The aim of this study is to assess the impact of the diagnosis of arterial hypertension on the mortality by any cause and due to cardiovascular disorders in individuals monitored in the community throughout a period of no less than 10 years.
– Assess the differences in death by any cause and due to cardiovascular disorders after 10 years of monitoring subjects with arterial hypertension grades I, II and III as per the European Guidelines.
– Evaluate the impact of blood pressure control level on total mortality and due to cardiovascular disorders.
– Evaluate the impact of different factors on global mortality and due to cardiovascular disorders in patients with arterial hypertension (adjusted by control level):
o Comorbidity: defined as the presence of diabetes, cardiovascular disease, obesity, smoking, or previous damage to the target organ at the time of diagnosis of arterial hypertension.

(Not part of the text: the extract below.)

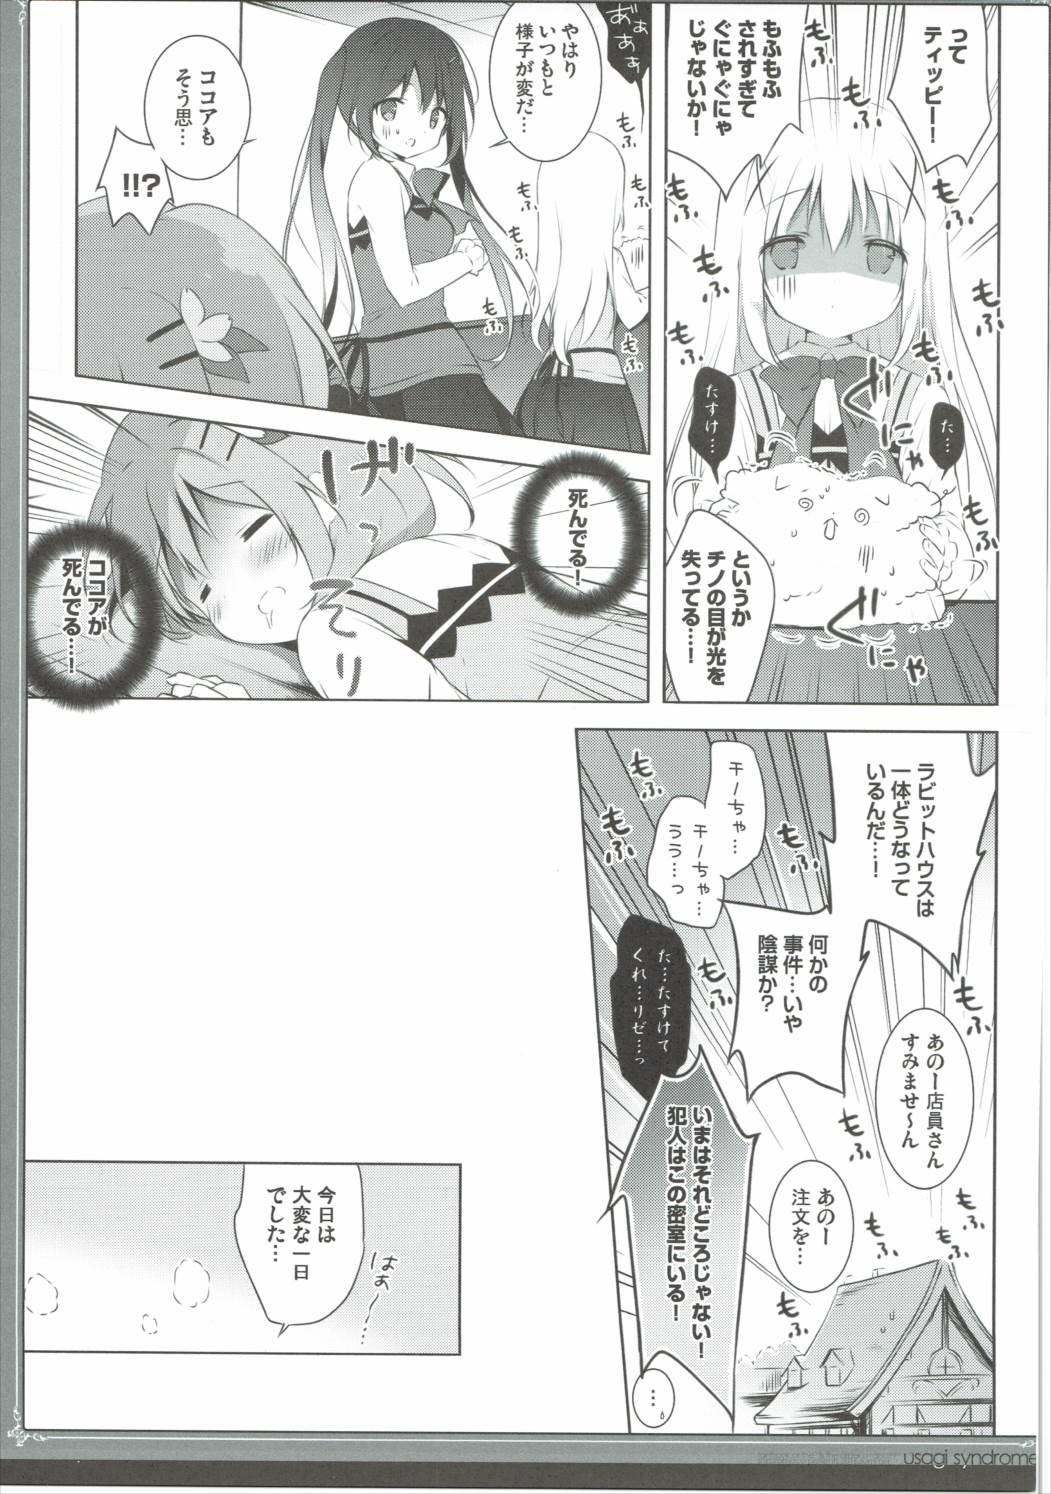 Butts Usagi Syndrome 3 - Gochuumon wa usagi desu ka Cogiendo - Page 8

o Family of drugs used in the treatment: ACEI, ARA2, diuretics, calcium channel blockers, beta-blockers, alpha-blockers, or different combinations of these drugs.
o Socioeconomic level (measured through the deprivation index of the health centre).
– Assess the relationship between the use of healthcare services (measured through the number of visits to the physician and the nurse, and the annual time devoted to the patient at the health centre) and total and cardiovascular mortality in hypertensive patients.
– Analyse the difference in the rate of cardiovascular events (chronic kidney disease, ischaemic heart disease, cerebrovascular disease, peripheral arterial disease) among subjects with arterial hypertension grade I, II and III as per the European Guidelines.
Multicentre retrospective cohort study. The exposure cohort will be defined by those subjects over 18 years of age who have a “de novo” diagnosis of non-secondary HTN in 2005/2006. The cohort of unexposed subjects will be created including one subject without HTN diagnosis in the same period, per exposed subject.
These subjects will be paired by health centre, age (same decade of life), and presence of DM or CV disease (chronic kidney failure, acute stroke, ischaemic heart disease or peripheral arterial disease) at the time of inclusion in the study. The follow-up time shall extend until the last visit, death or loss, which offers a maximum observation time of at least 12 years for the last subject included.
The cohorts will be created based on data from all the health centres of three Autonomous Communities: Madrid, the Basque Country and the Canary Islands.